** Opening Information shown block **

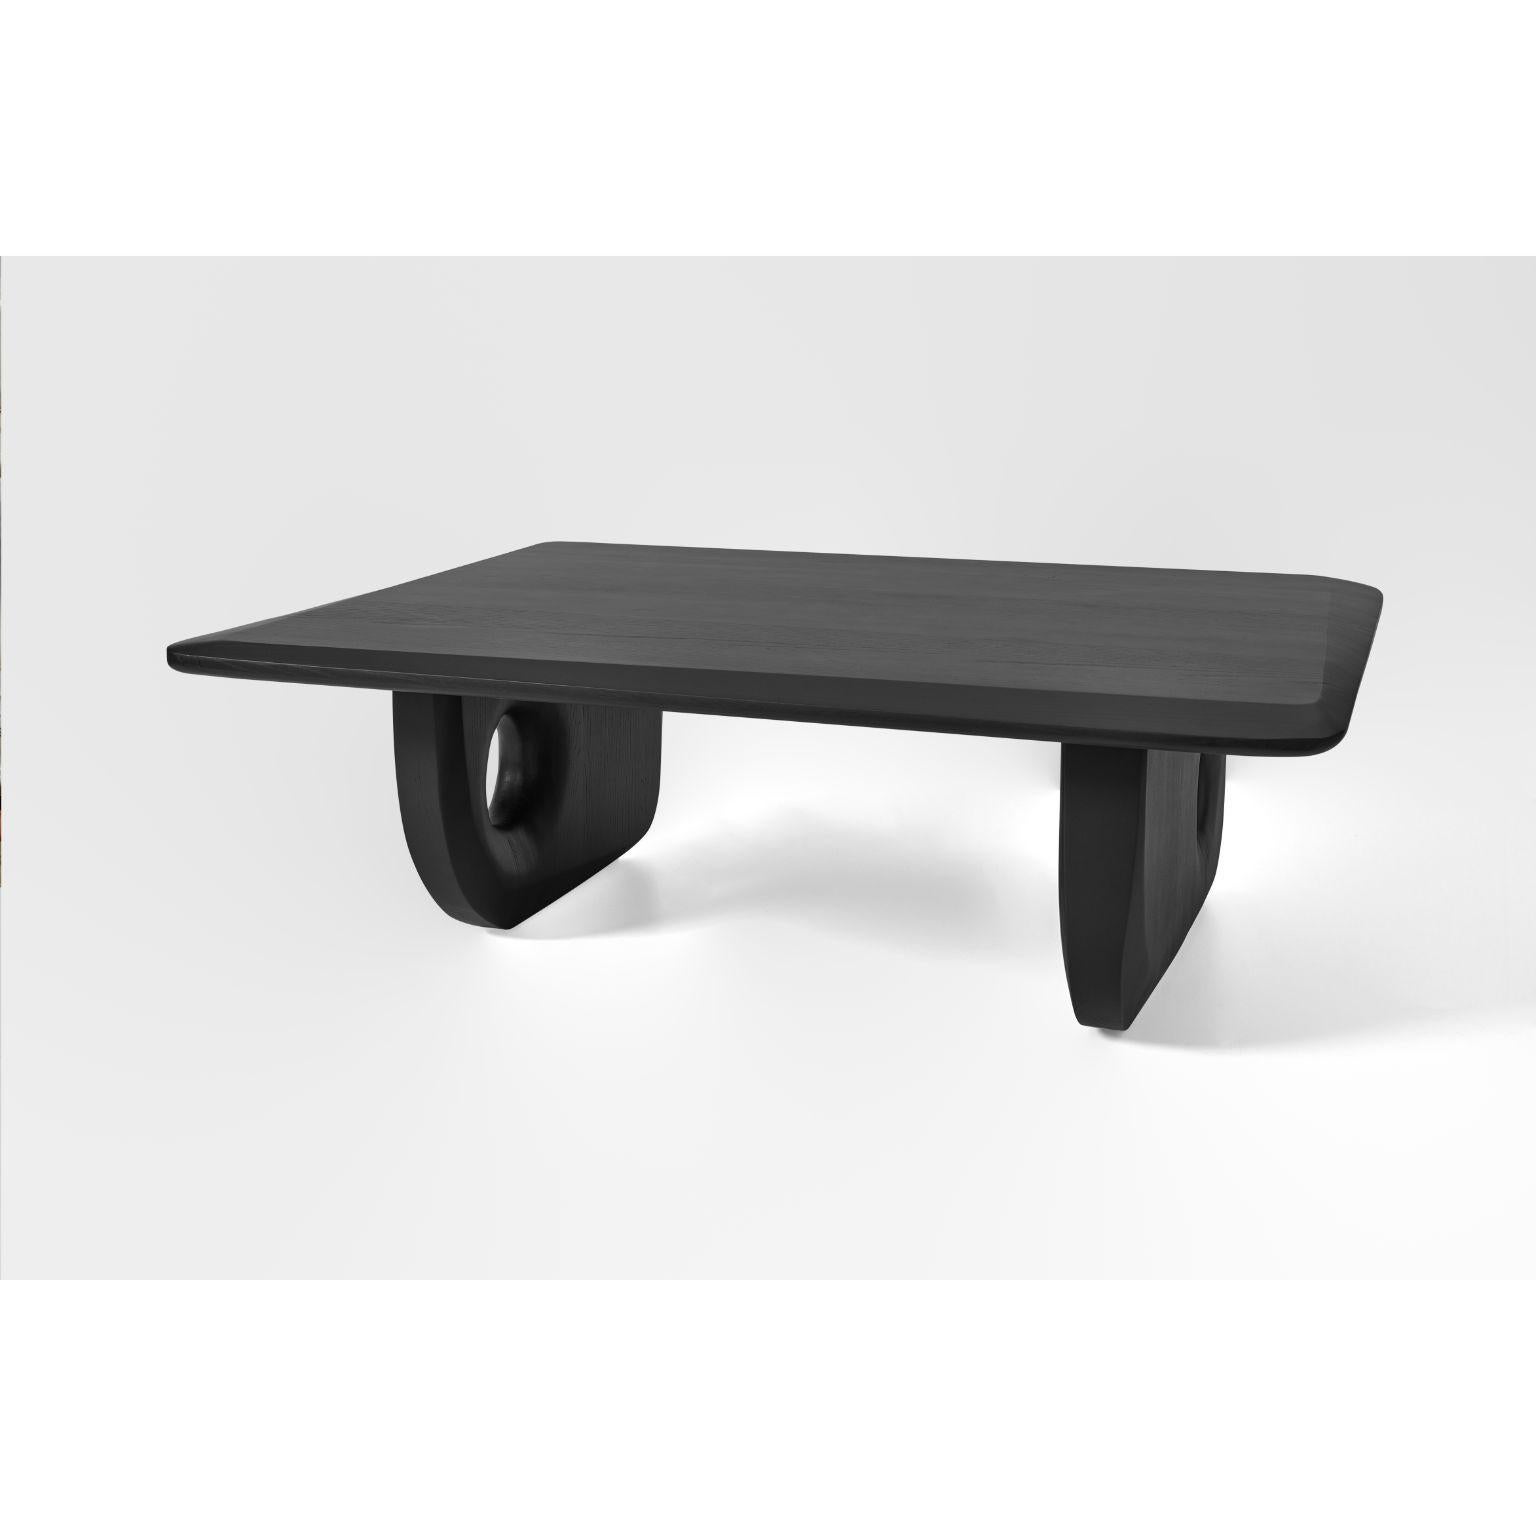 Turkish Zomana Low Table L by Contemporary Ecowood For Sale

** Closing Information shown block **
** Opening Information shown block **

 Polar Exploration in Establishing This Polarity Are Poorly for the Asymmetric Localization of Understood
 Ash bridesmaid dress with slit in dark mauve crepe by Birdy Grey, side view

** Closing Information shown block **
** Opening Information shown block **

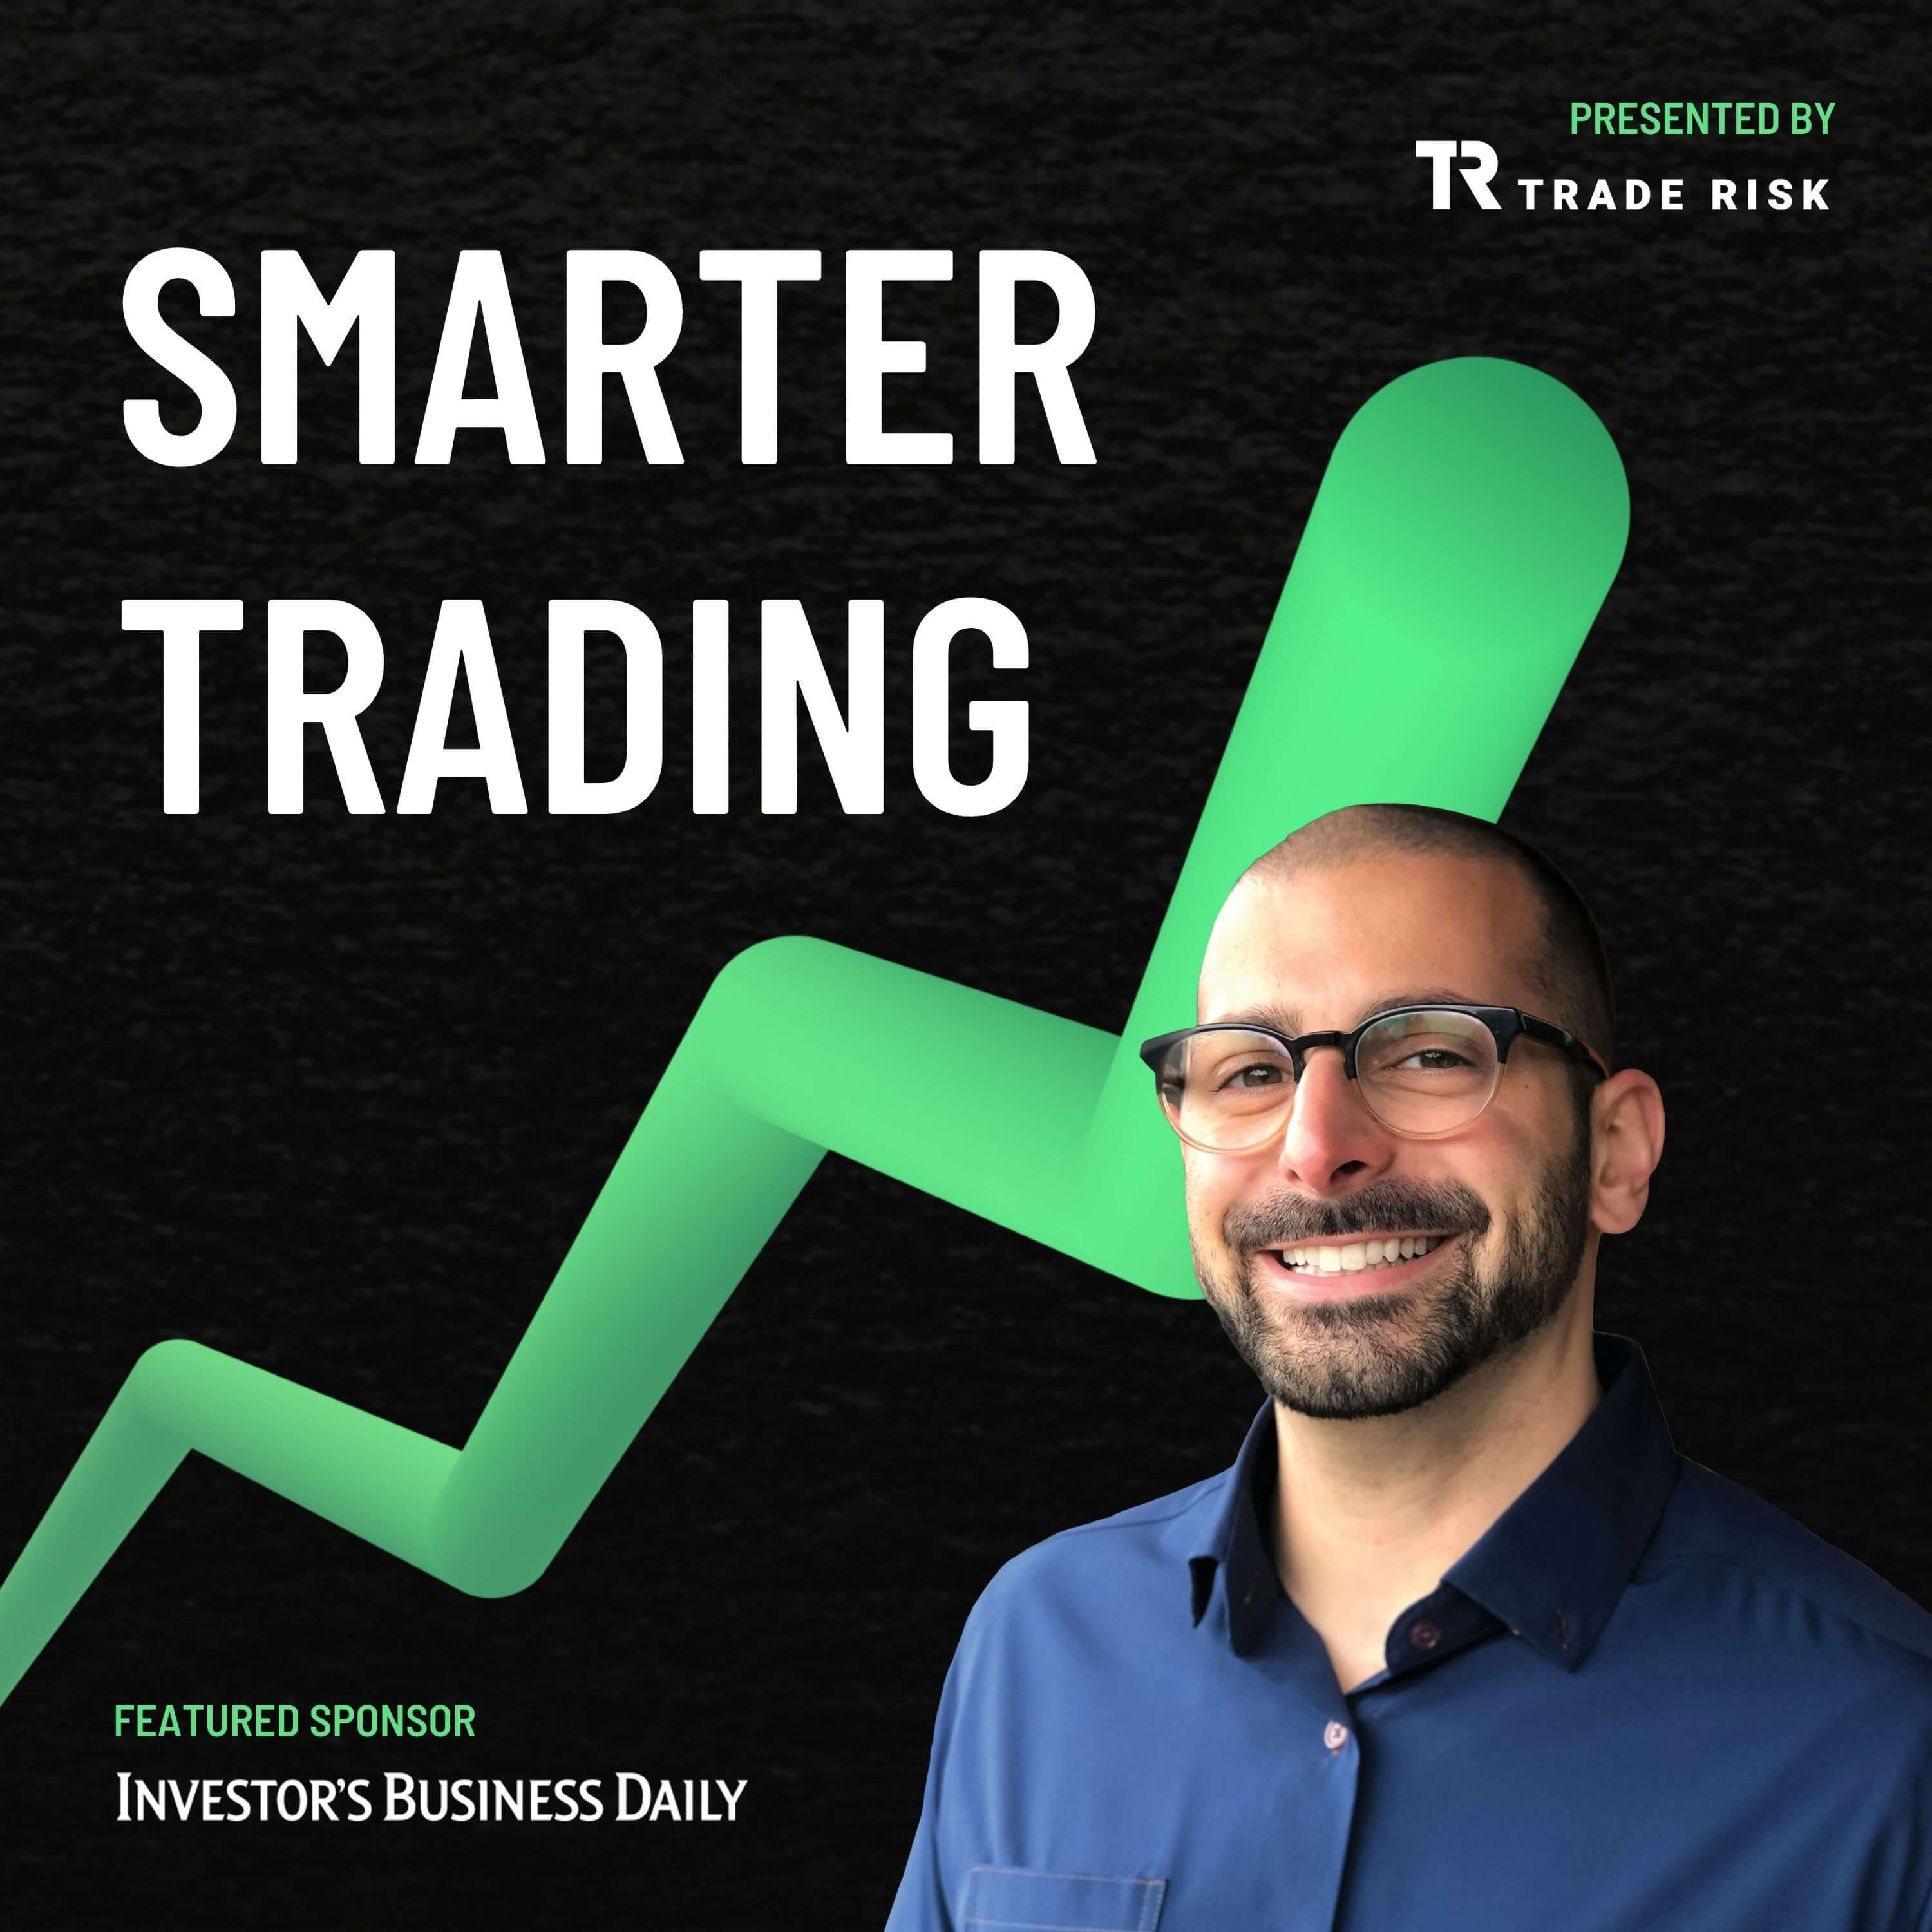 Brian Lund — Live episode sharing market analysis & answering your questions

** Closing Information shown block **

Exercise brief: Look back at the entries above. Retype the line with "Polar Exploration in", the line with "Ash bridesmaid dress", and all lines in between.

Exercise answer:
 Polar Exploration in Establishing This Polarity Are Poorly for the Asymmetric Localization of Understood
 Ash bridesmaid dress with slit in dark mauve crepe by Birdy Grey, side view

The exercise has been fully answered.